Dynamic Language, such as Javascript, provided us the abstraction we need to program an API services that structured properly, easy to maintain, and use.
As any languages, Javascript has good and bad parts. Proper bootstrapping and standards should be designed and acknowledged by all the developers involved in the projects. This document is a short of a guide on how to develop an RESTful API using NodeJS.
Often times, the backend systems of records are often complex to expose and coupled with legacy technologies that is not easy to integrate with well known protocols such as HTTP(S). To expose it to the developers, there is a need to hide these complexities to ensure better adaptation and usage.
RESTFul API provide the avenue for developers to use the services easily. Design of the API is important, however, to overcome the burden of domain knowledge.
Our application follows a coding style for consistency and readability. These standards may not be everyone's preference, but we have agreed to use these standards
When possible, use JSHint to check for obvious errors (mixed spaces, missing semicolons, etc). Many editors and IDEs have integration with JSHint or JSLint, so use it!
Based from the recommendation of blackhat we are following some programming methods:
a) Validate all inputs. Use a regular expression or tool like PEGS.js
b) Don't use eval. Use JSON.parse in parsing objects from different systems
c) Don't concatenate script with user's input
Aside from the above programming rules, the API needs to have an API Key to enable a kind of access control. With Restify there is a built-in way of not only the authorization but also the throttling. This enable the API to limit the number of requests a given users.
Any async language have a pitfall, for Javascript it is the callback. The mantra is make everything simple not only the structure but how many callback can a function uses. For simplicity and easy to understand module functions the number of callbacks should not go deeper than 3.
node/
documentation/
etl/ (Extract Transfer and Load)
src/
config/ (shared)
lib/
errors/ (Error Definition)
DAO/ (Database Access Abstractions)
test/
tools/
app.js (main application)
Here are few of the suggested libraries to used in developing the services more faster. There are over 9000 modules but only few of them are well tested and used.

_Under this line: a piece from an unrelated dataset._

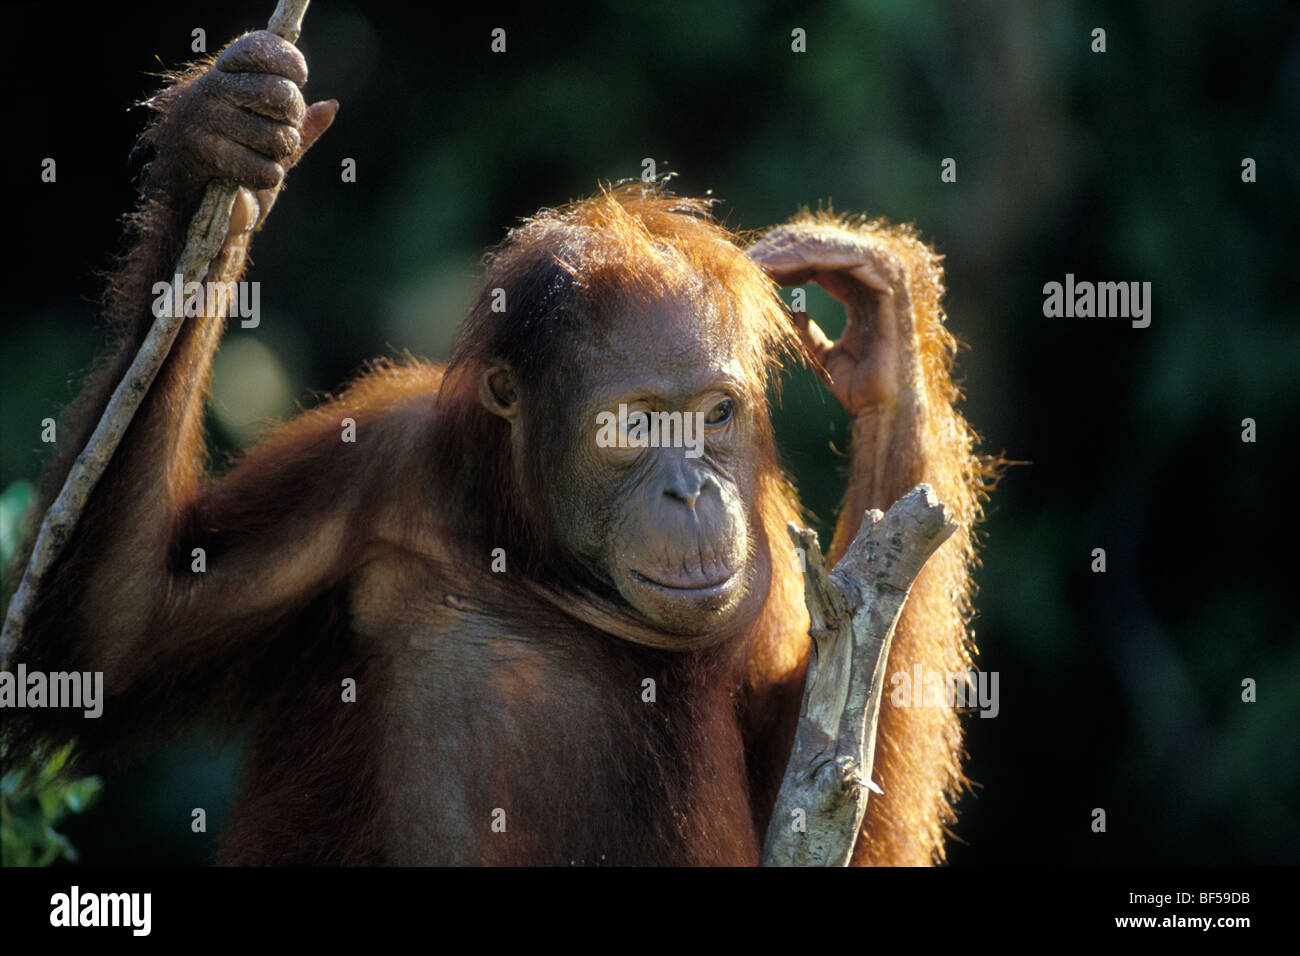 Young Orang Utan (Pongo pygmaeus) in tree, thoughtful, Tanjung Puting National Park, Borneo Stock Photo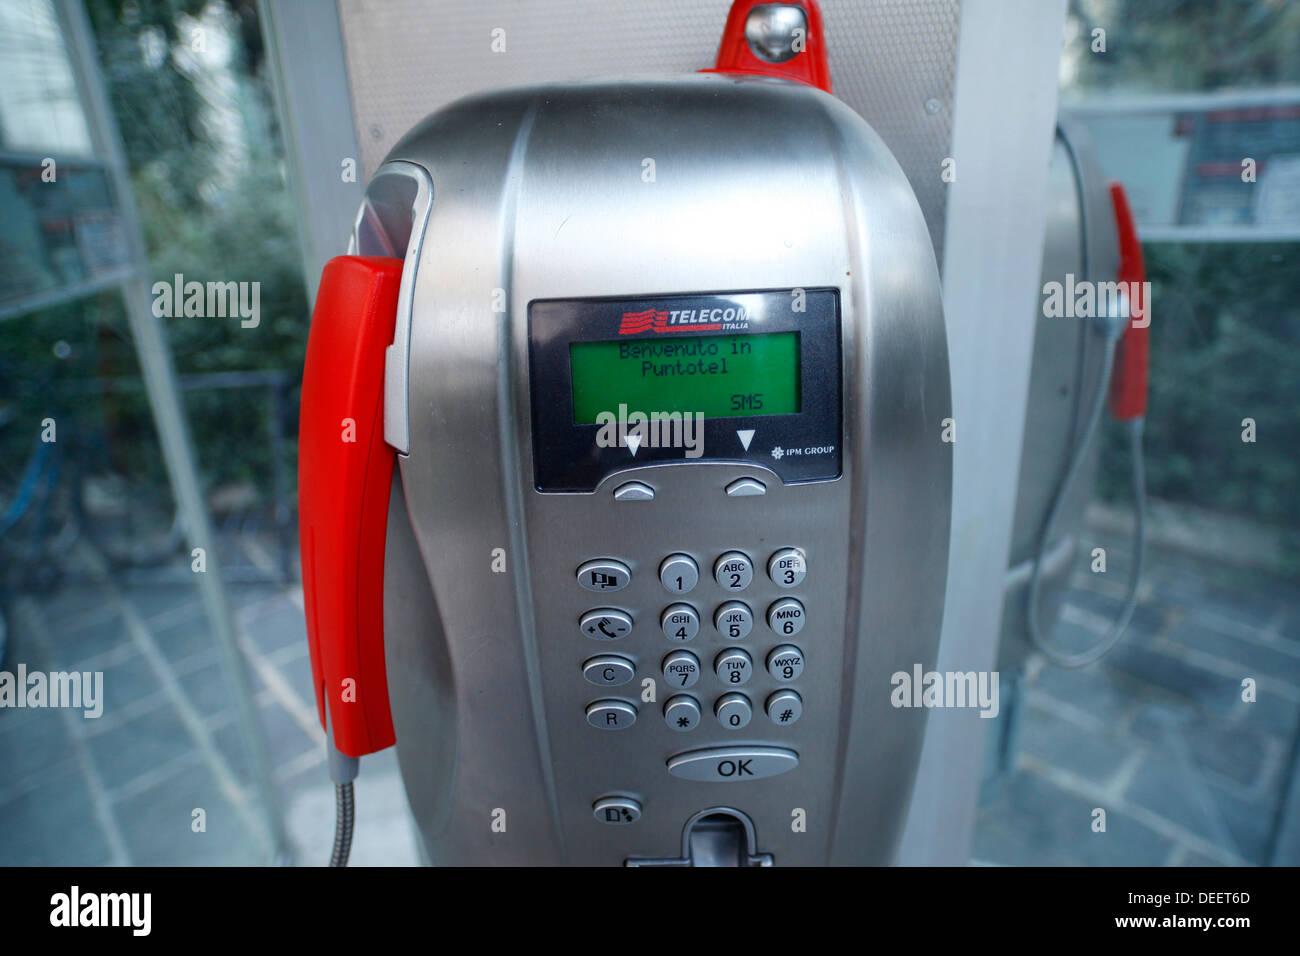 Telecom Italia payphone, Italy. - Stock Image

Restify - For Restful API Creation
moment.js - For Date Time Manipulation
request - Use for sending HTTP request for testing
Express - For handling webservice call
Creating unit testing is very important for building a maintainable and expandable code. We used Behavior Driven Testing since the application handle a lot of Async
There are two options in bringing Unit Testing -
Always start with the test in a way you can articulate the requirements in code. This will save you a lot of development headache in the long run. Study says that it make development more efficient (http://www.youtube.com/watch?v=pqomi6W4AJ4)
As necessary to validate user inputs more particular the query strings, PEG (or Parser Expression Grammar ) and its generator have been used. It uses the EBNF syntax in defining the parameter types.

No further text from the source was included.